## ABOUT THIS EXERCISE
All lines at and after the one containing "Best 50 Santos", up to the end of the listing below, are to be printed exactly, with the pictures omitted.

## DATA
BEGIN

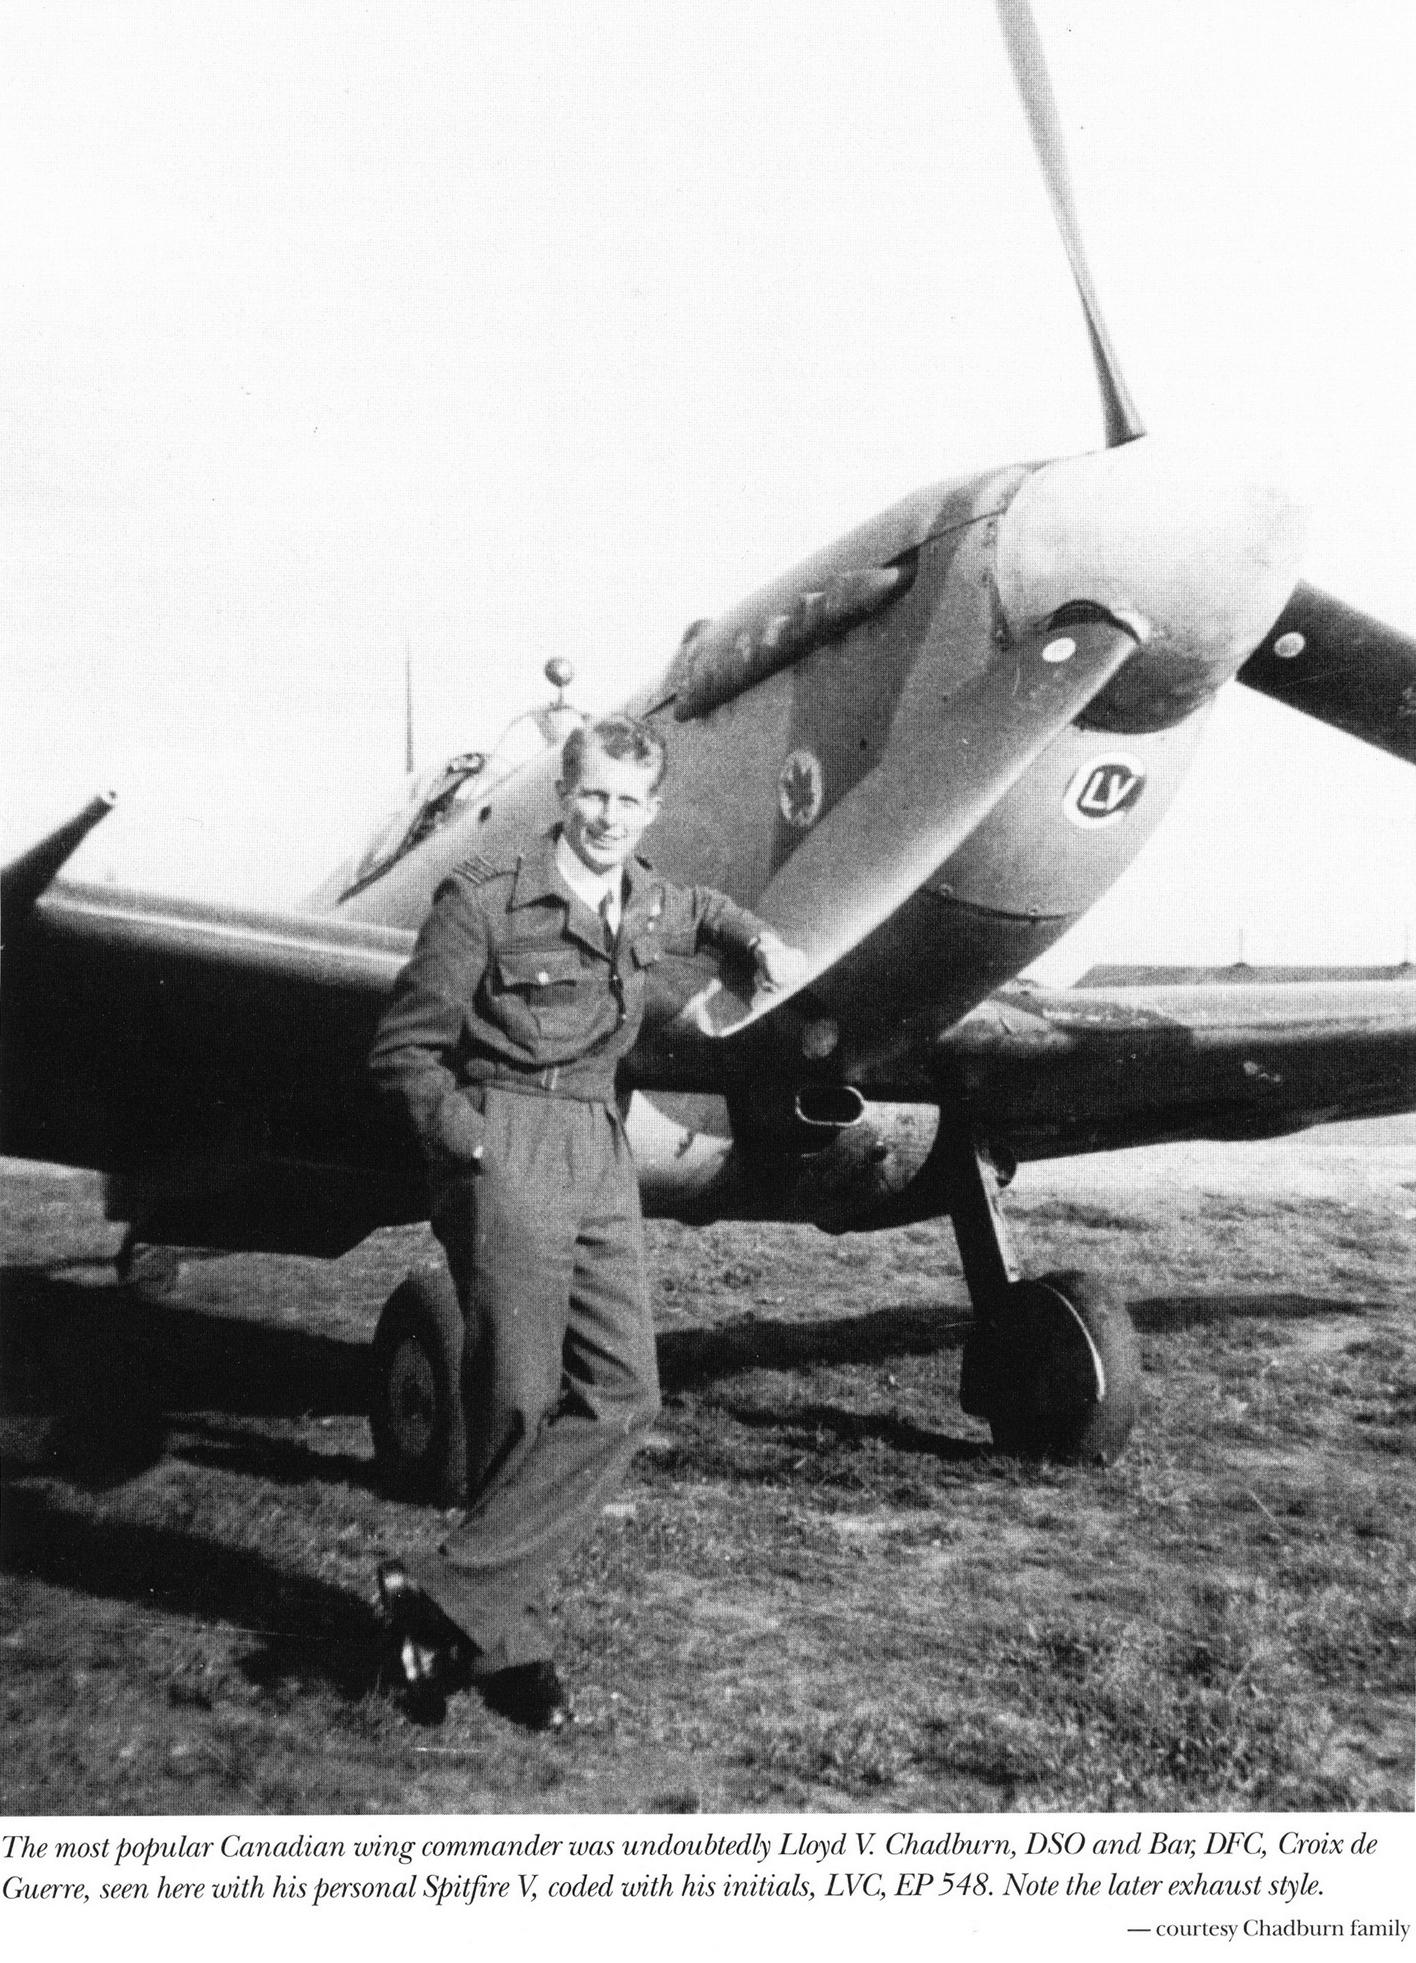 Spitfire MkVb RCAF 403Sqn LVC Lloyd V Chadburn EP548 01
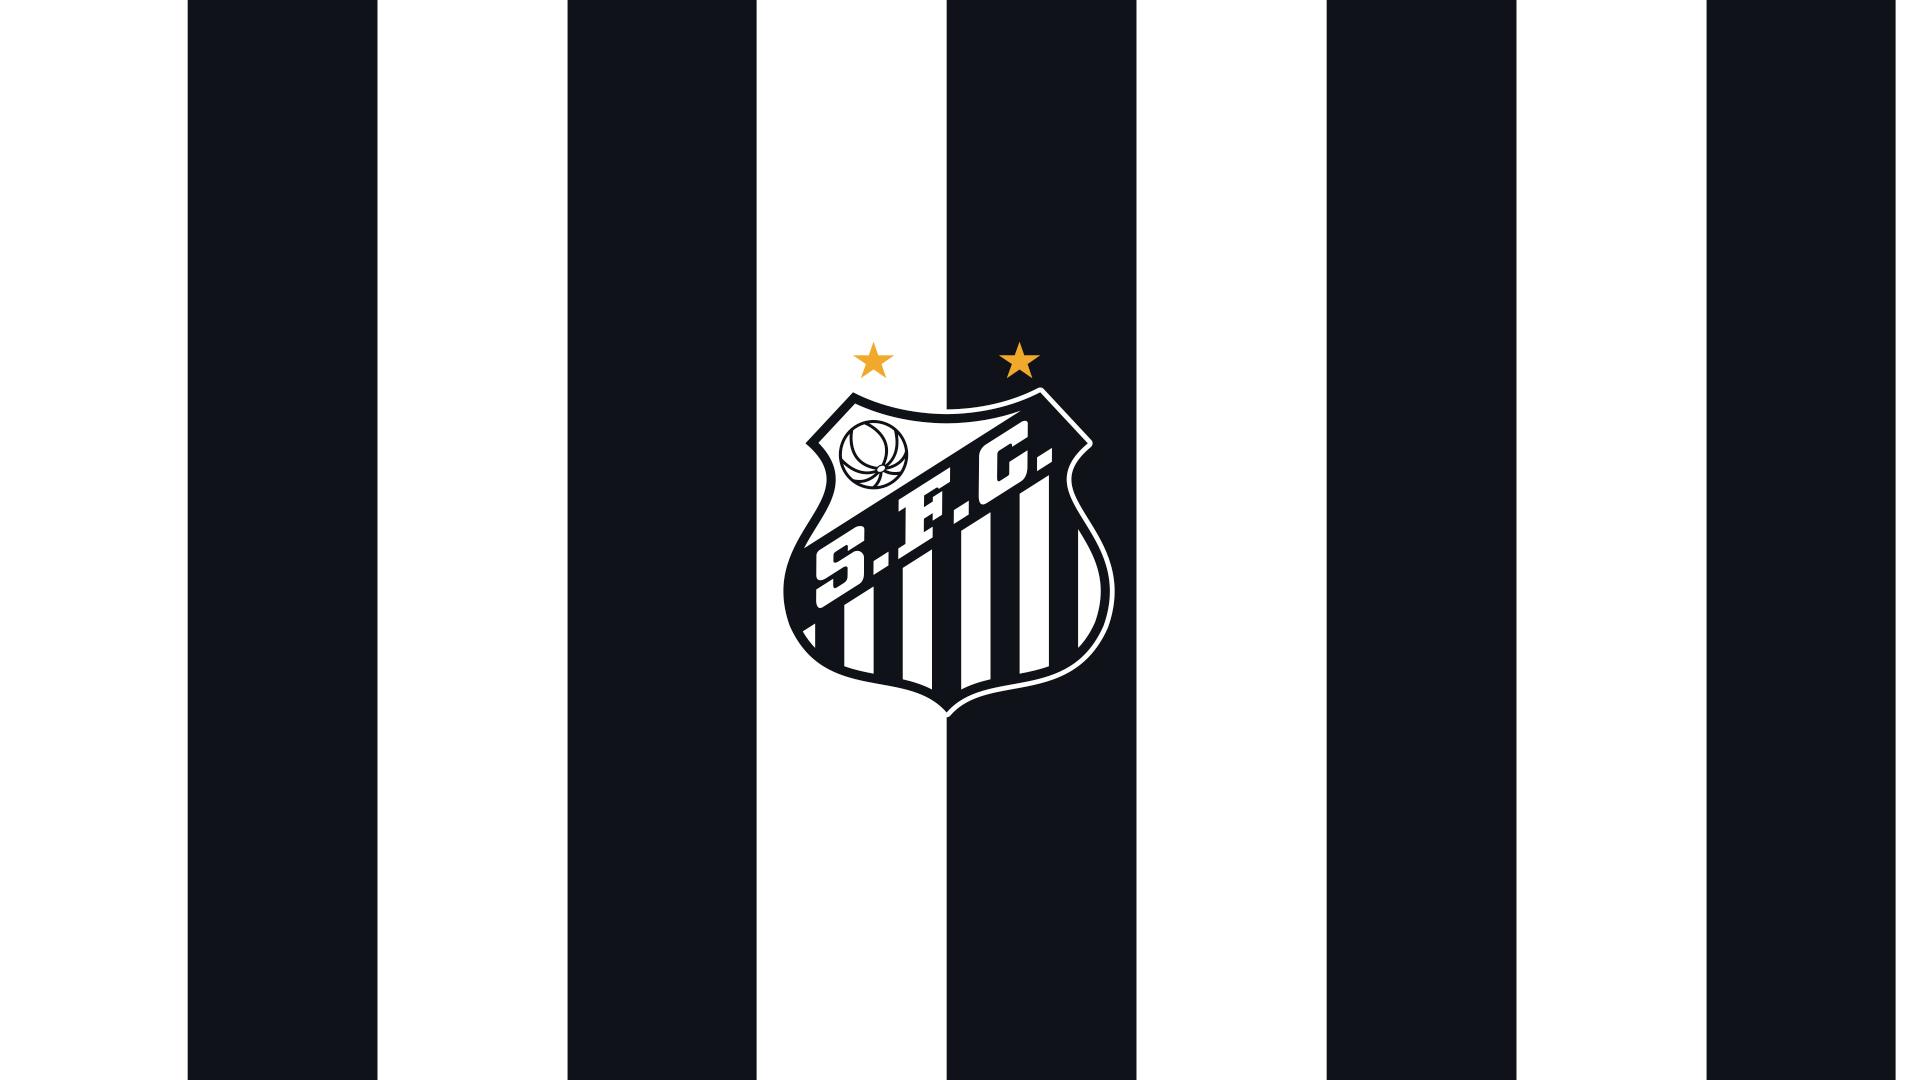 Best 50 Santos Wallpaper on HipWallpaper Santos Futebol Clube 1920x1080
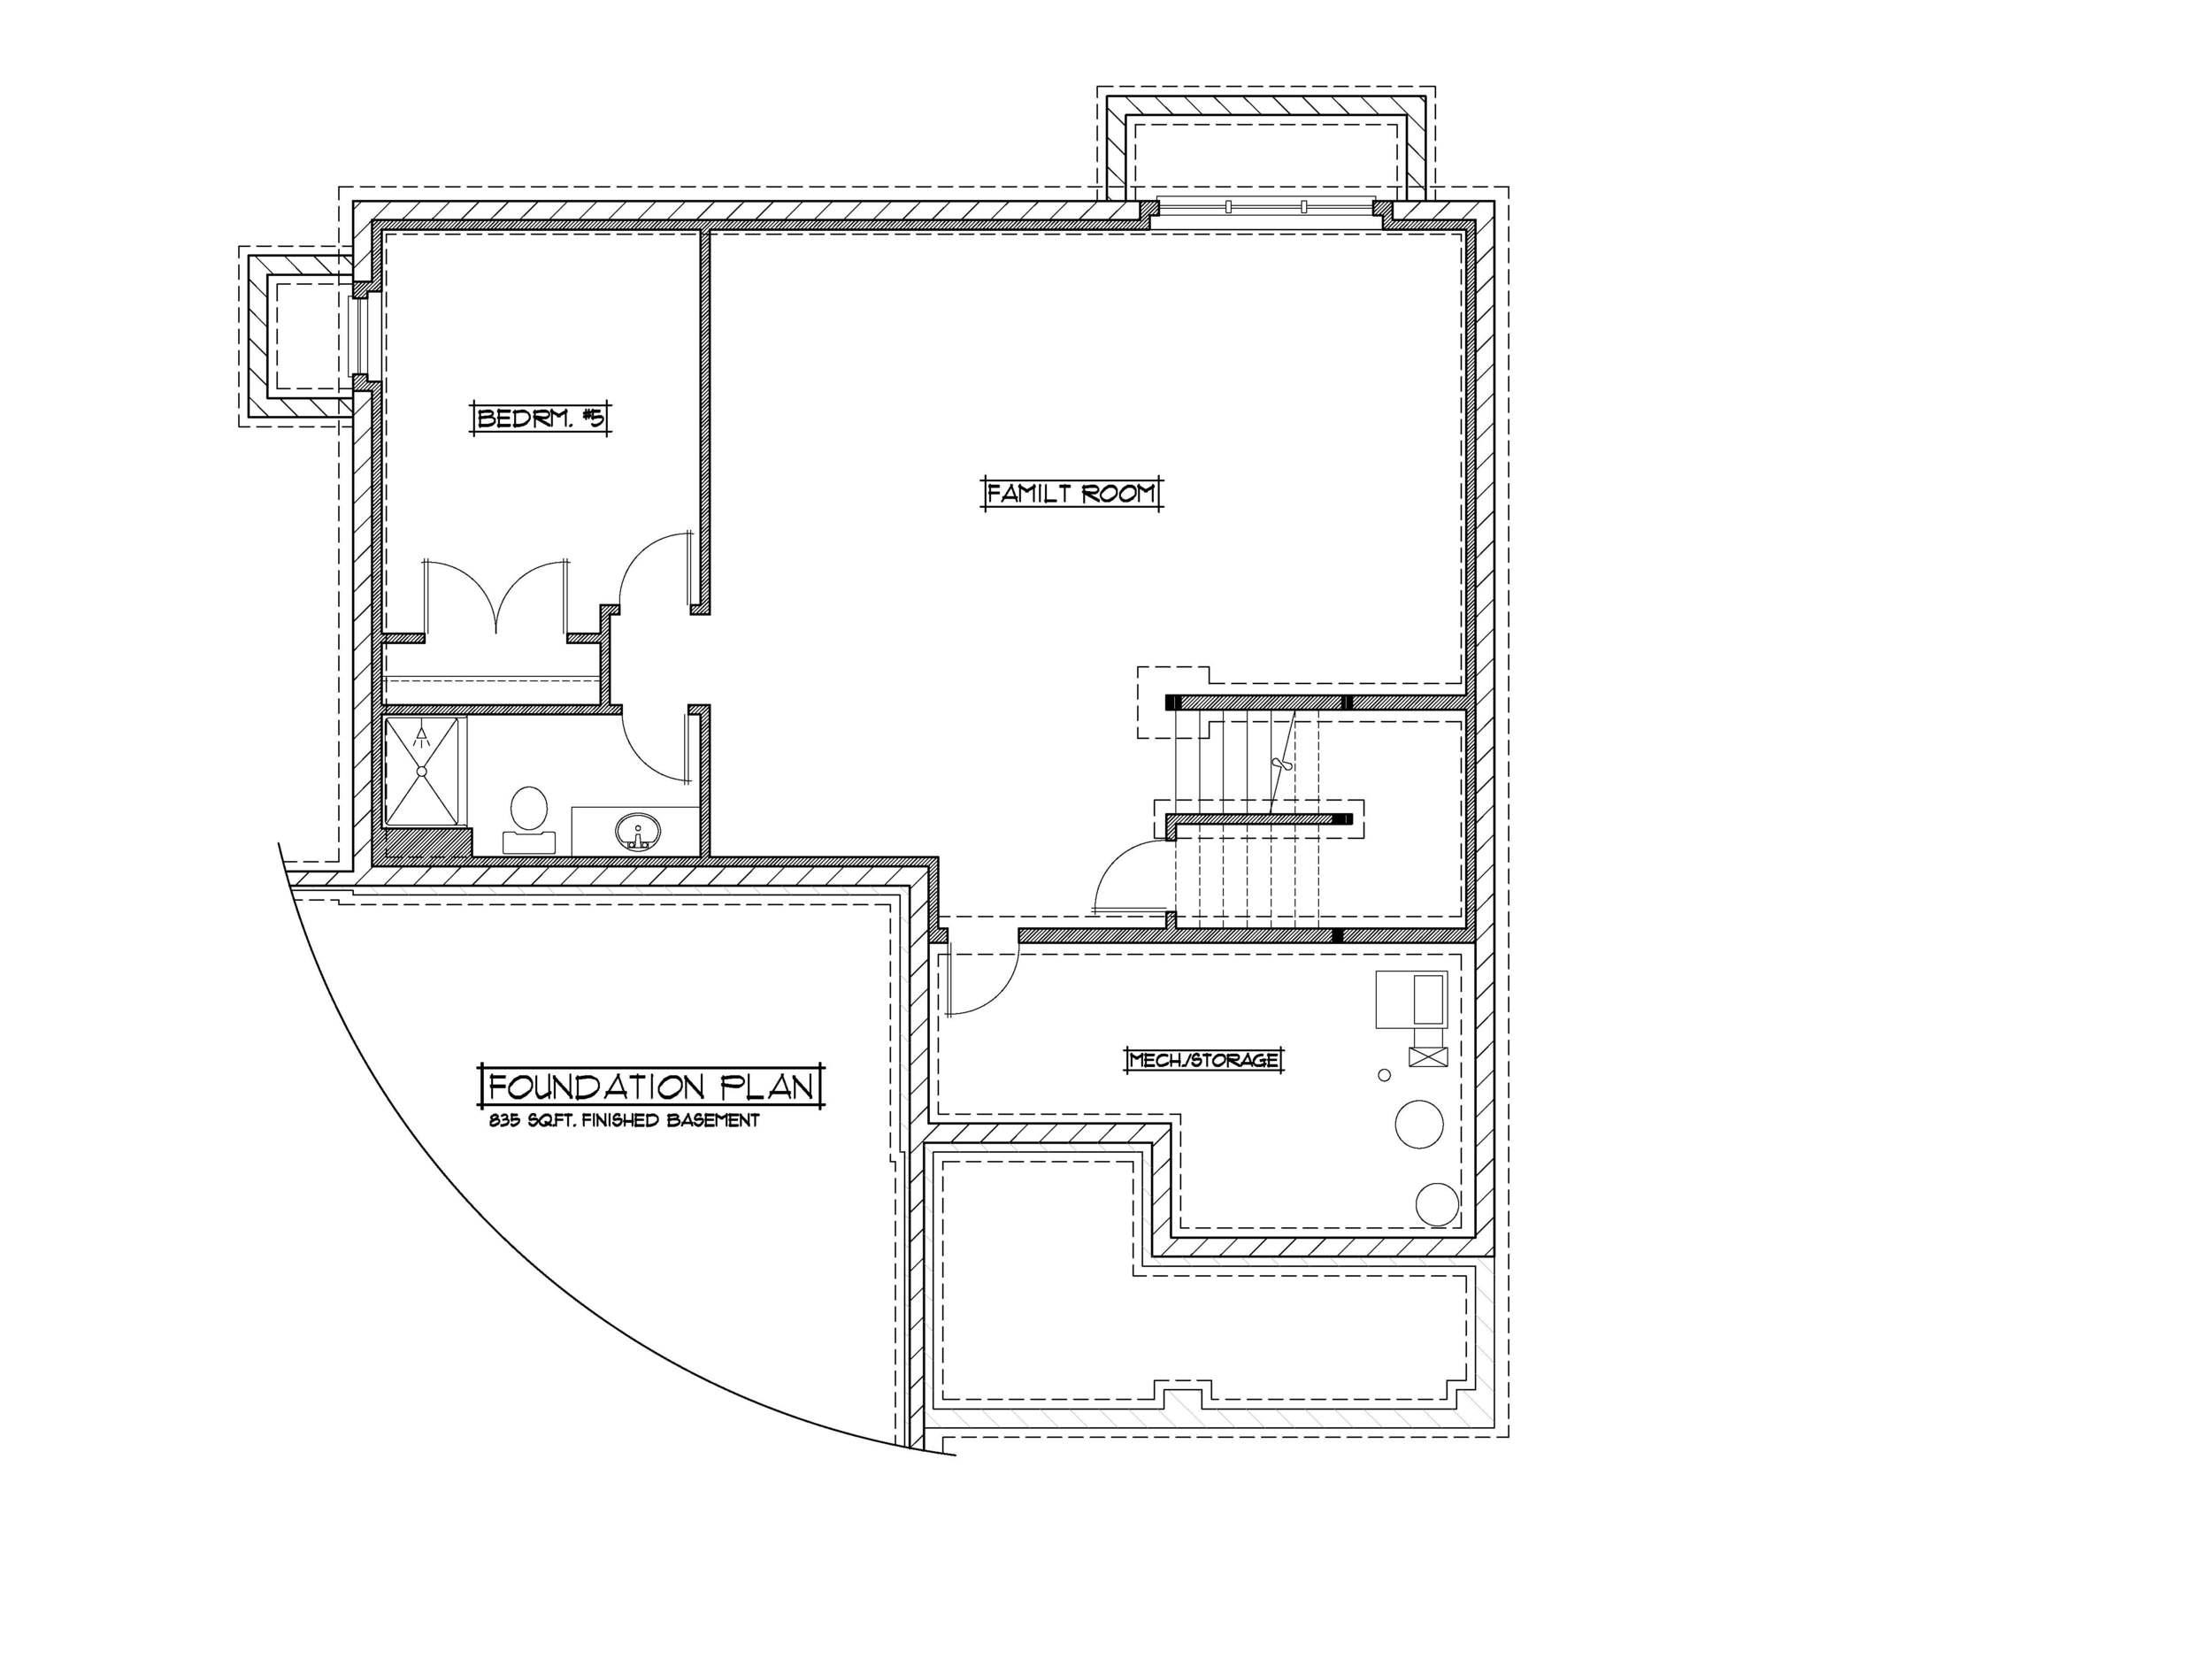 Foundation Plan.jpg

END

## OUTPUT BELOW
 Best 50 Santos Wallpaper on HipWallpaper Santos Futebol Clube 1920x1080
 Foundation Plan.jpg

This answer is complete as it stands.